We integrated the optimized bi-encoder embedding models in two modules:
QuantizedBiEncoderRetriever– for indexing and retrieving documents from a dense indexQuantizedBiEncoderRanker– for reranking an inventory of documents using the embedding model as a part of an elaborate retrieval pipeline.
Fast indexing using the optimized Retriever
Let’s create a dense index by utilizing a dense retriever that utilizes an optimized embedding model.
First, create a document store:
from haystack.document_store import InMemoryDocumentStore
document_store = InMemoryDocumentStore(use_gpu=False, use_bm25=False, embedding_dim=384, return_embedding=True)
Then, add some documents to it:
from haystack.schema import Document
examples = [
"There is a blue house on Oxford Street.",
"Paris is the capital of France.",
"The first commit in fastRAG was in 2022"
]
documents = []
for i, d in enumerate(examples):
documents.append(Document(content=d, id=i))
document_store.write_documents(documents)
Load a Retriever with an optimized bi-encoder embedding model, and encode all of the documents within the document store:
from fastrag.retrievers import QuantizedBiEncoderRetriever
model_id = "Intel/bge-small-en-v1.5-rag-int8-static"
retriever = QuantizedBiEncoderRetriever(document_store=document_store, embedding_model=model_id)
document_store.update_embeddings(retriever=retriever)
Reranking using the Optimized Ranker
Below is an example of loading an optimized model right into a ranker node that encodes and re-ranks all of the documents it retrieves from an index given a question:
from haystack import Pipeline
from fastrag.rankers import QuantizedBiEncoderRanker
ranker = QuantizedBiEncoderRanker("Intel/bge-large-en-v1.5-rag-int8-static")
p = Pipeline()
p.add_node(component=retriever, name="retriever", inputs=["Query"])

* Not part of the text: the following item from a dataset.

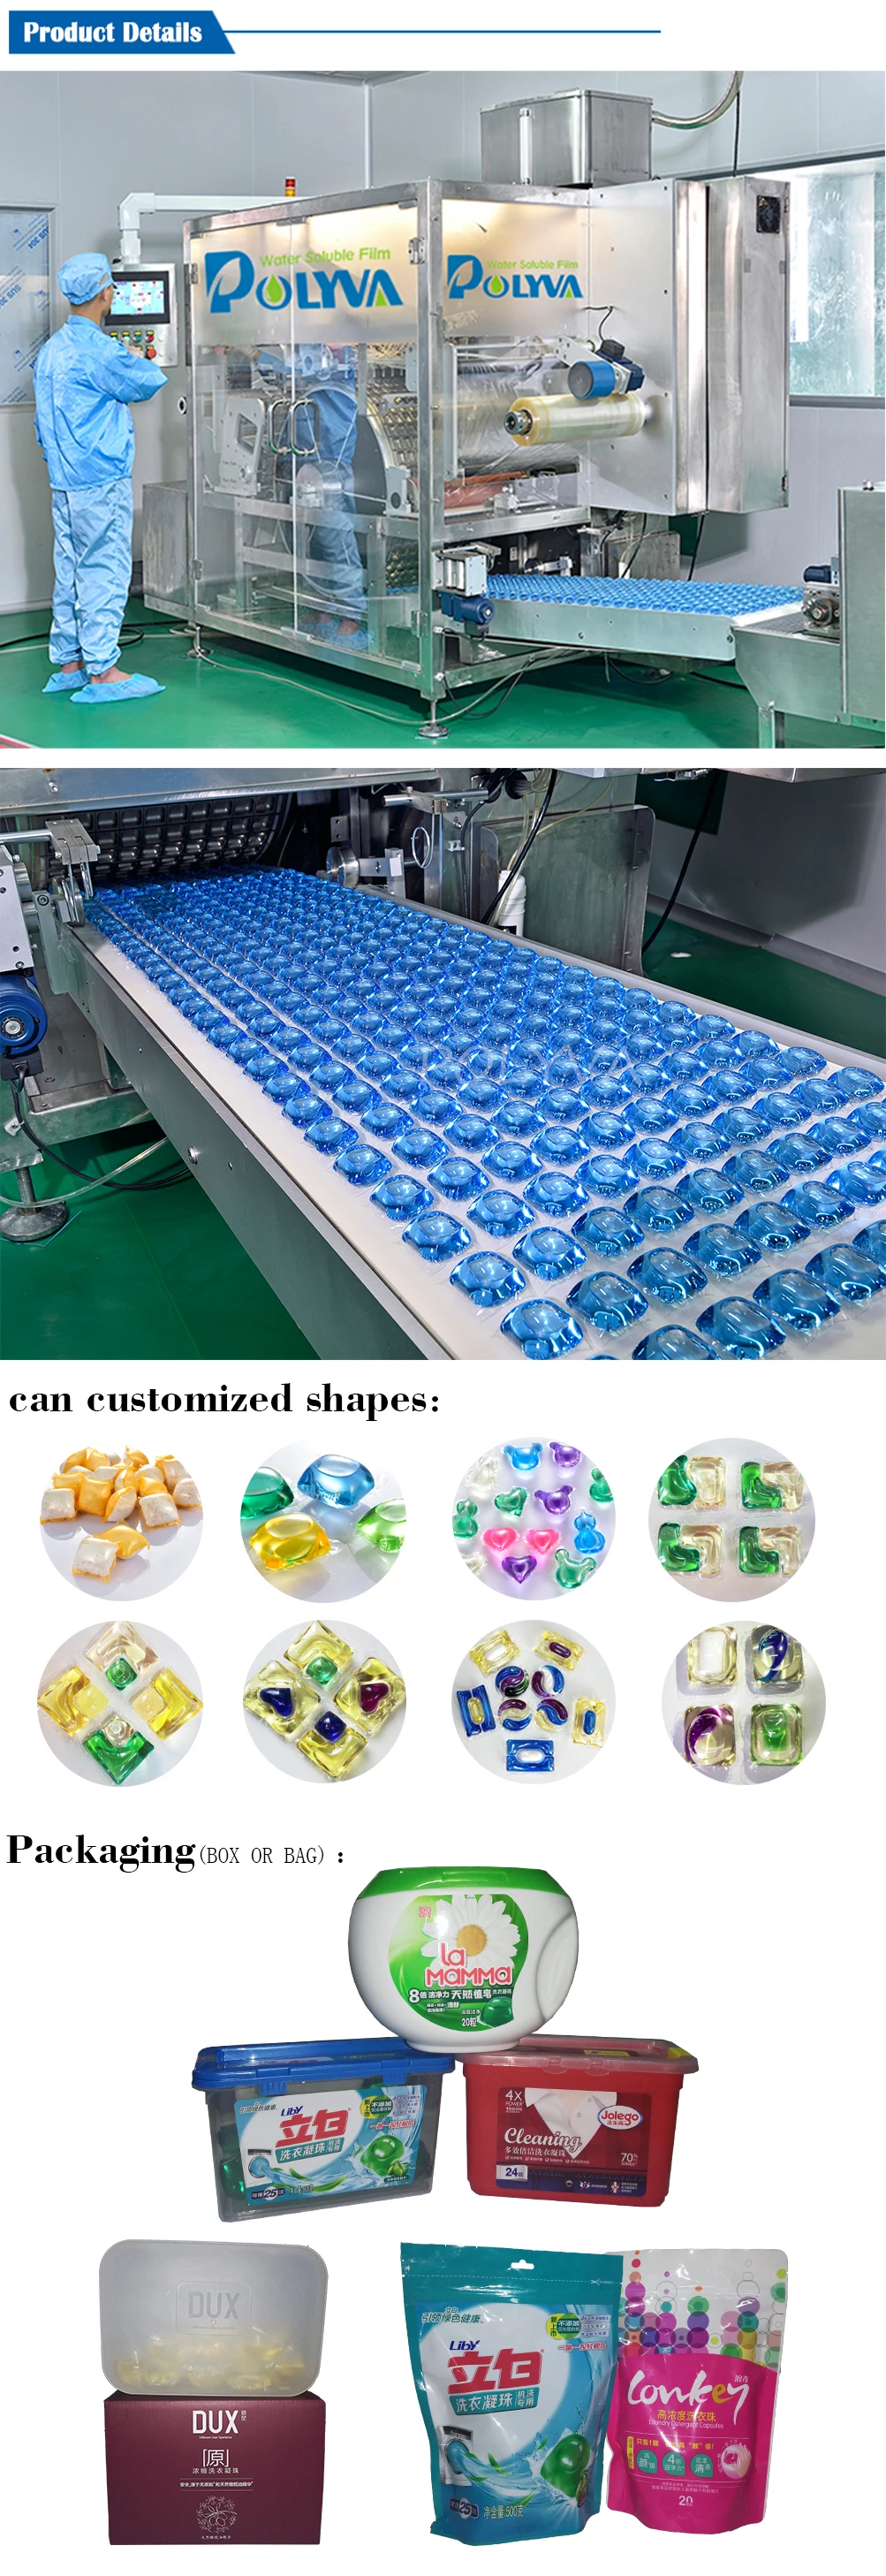 POLYVA laundry pods for factory

p.add_node(component=ranker, name="ranker", inputs=["retriever"])
results = p.run(query="What's the capital of France?")
print(results)
Done! The created pipeline might be used to retrieve documents from a document store and rank the retrieved documents using (one other) embedding models to re-order the documents.
A more complete example is provided on this notebook.
For more RAG-related methods, models and examples we invite the readers to explore fastRAG/examples notebooks.